Your assignment = Given the entries below, would you transcribe exactly the lines starting at the one with "Gold Infinity Ring" and ending at the one with "Store - Chris", both kept, pictures omitted, nothing extra?

Data for the task =
--- --- ---

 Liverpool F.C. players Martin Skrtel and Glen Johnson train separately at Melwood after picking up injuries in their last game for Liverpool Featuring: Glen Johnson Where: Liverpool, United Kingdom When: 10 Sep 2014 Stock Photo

--- --- ---

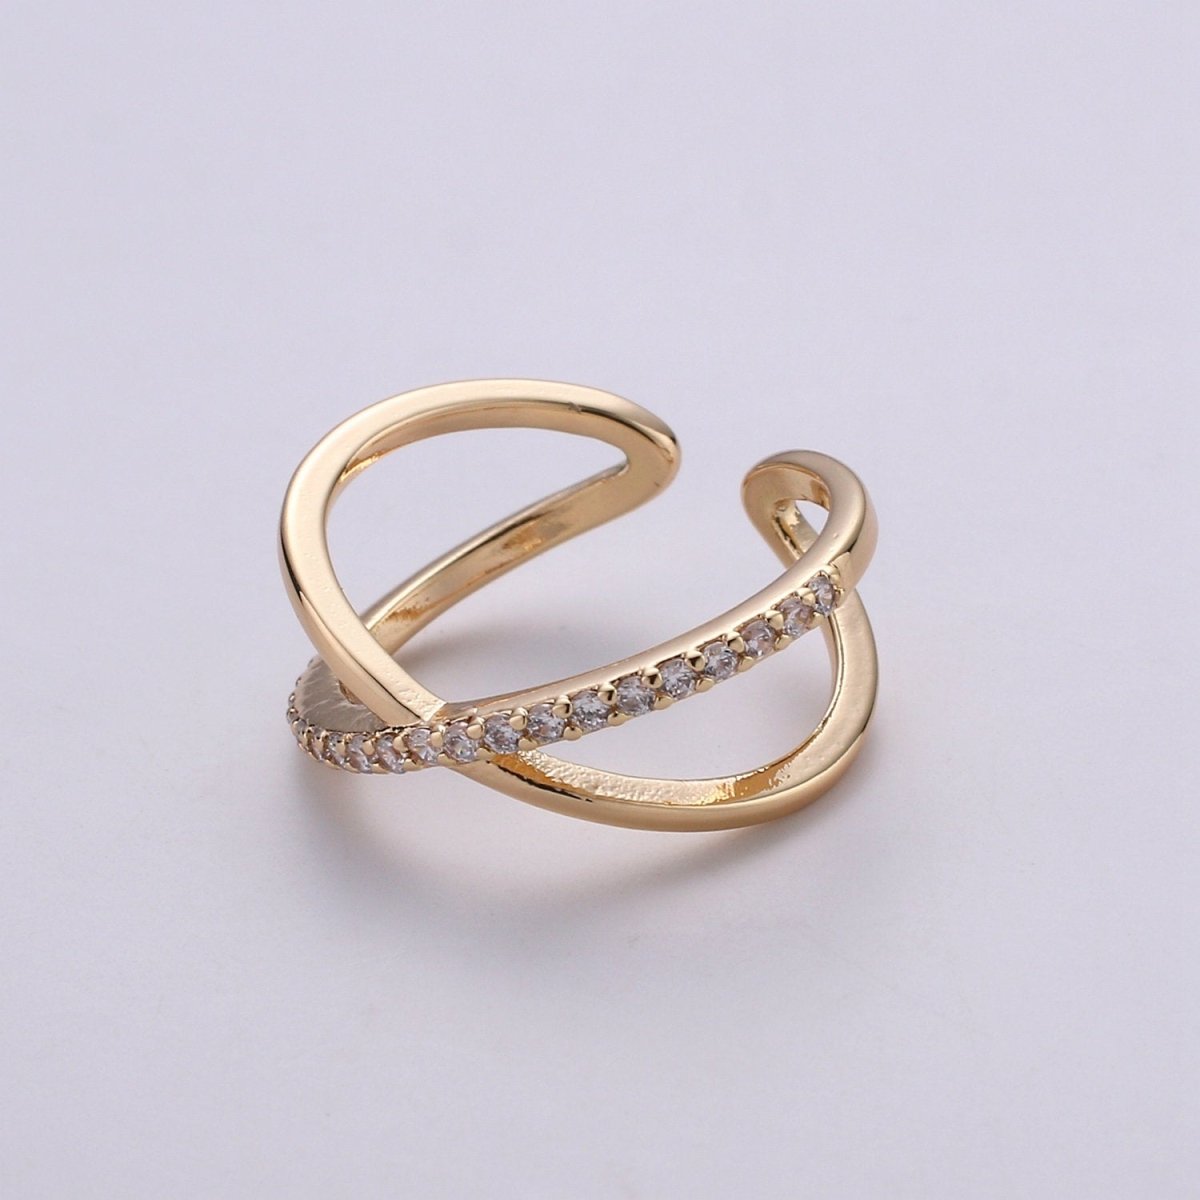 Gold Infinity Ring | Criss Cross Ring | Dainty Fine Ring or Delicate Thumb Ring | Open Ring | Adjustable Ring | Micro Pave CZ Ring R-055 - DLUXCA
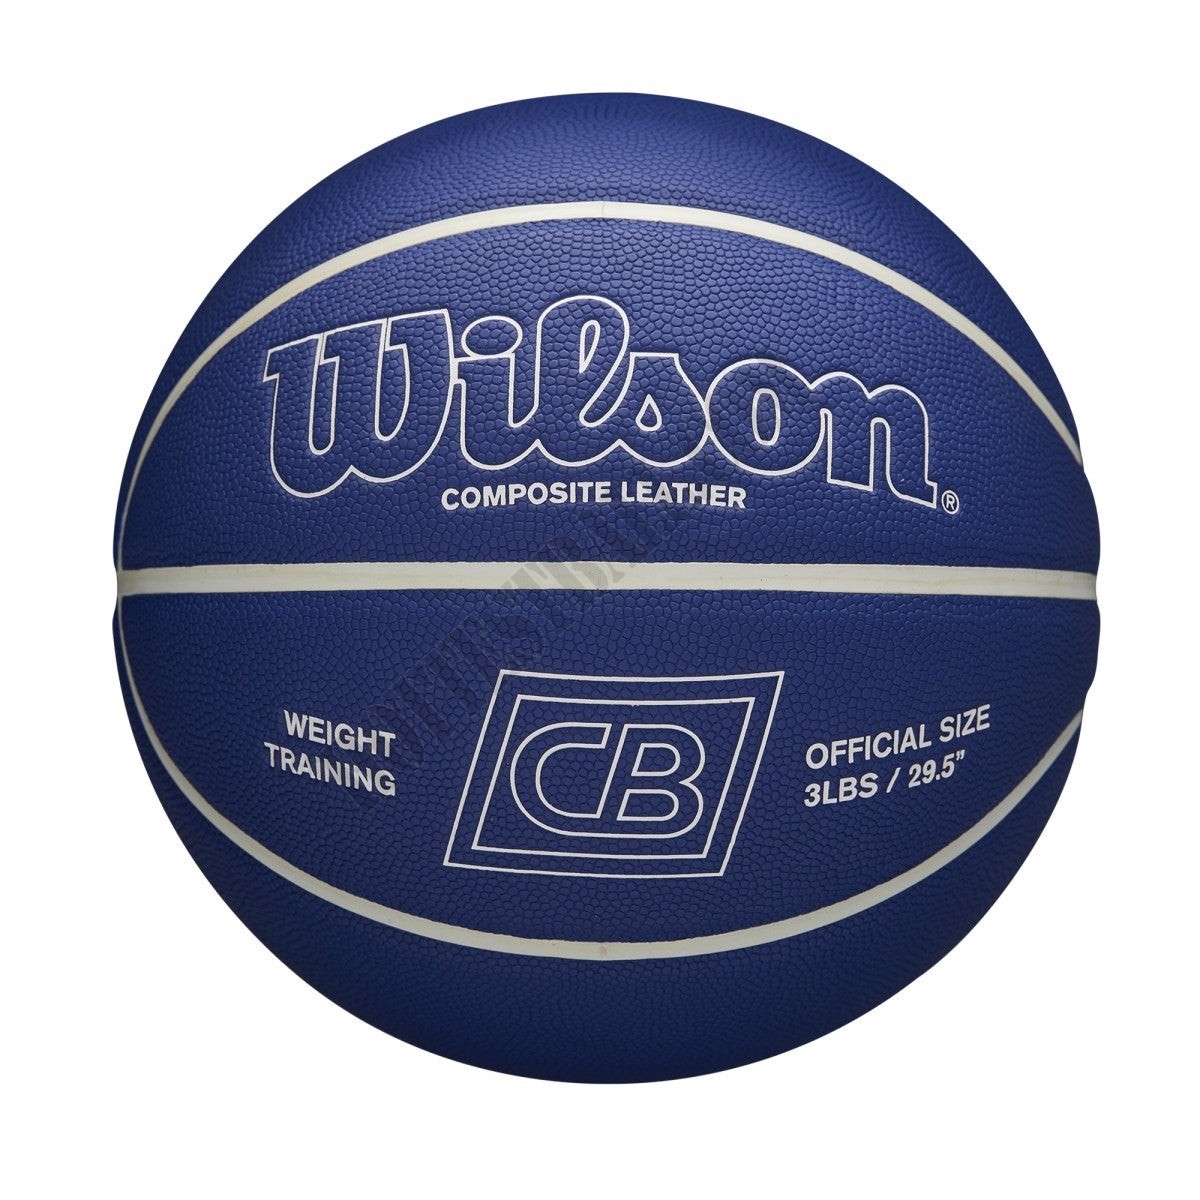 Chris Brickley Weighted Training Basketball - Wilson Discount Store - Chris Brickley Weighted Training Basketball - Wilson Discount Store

--- --- ---

Answer for this exercise =
 Gold Infinity Ring | Criss Cross Ring | Dainty Fine Ring or Delicate Thumb Ring | Open Ring | Adjustable Ring | Micro Pave CZ Ring R-055 - DLUXCA
 Chris Brickley Weighted Training Basketball - Wilson Discount Store - Chris Brickley Weighted Training Basketball - Wilson Discount Store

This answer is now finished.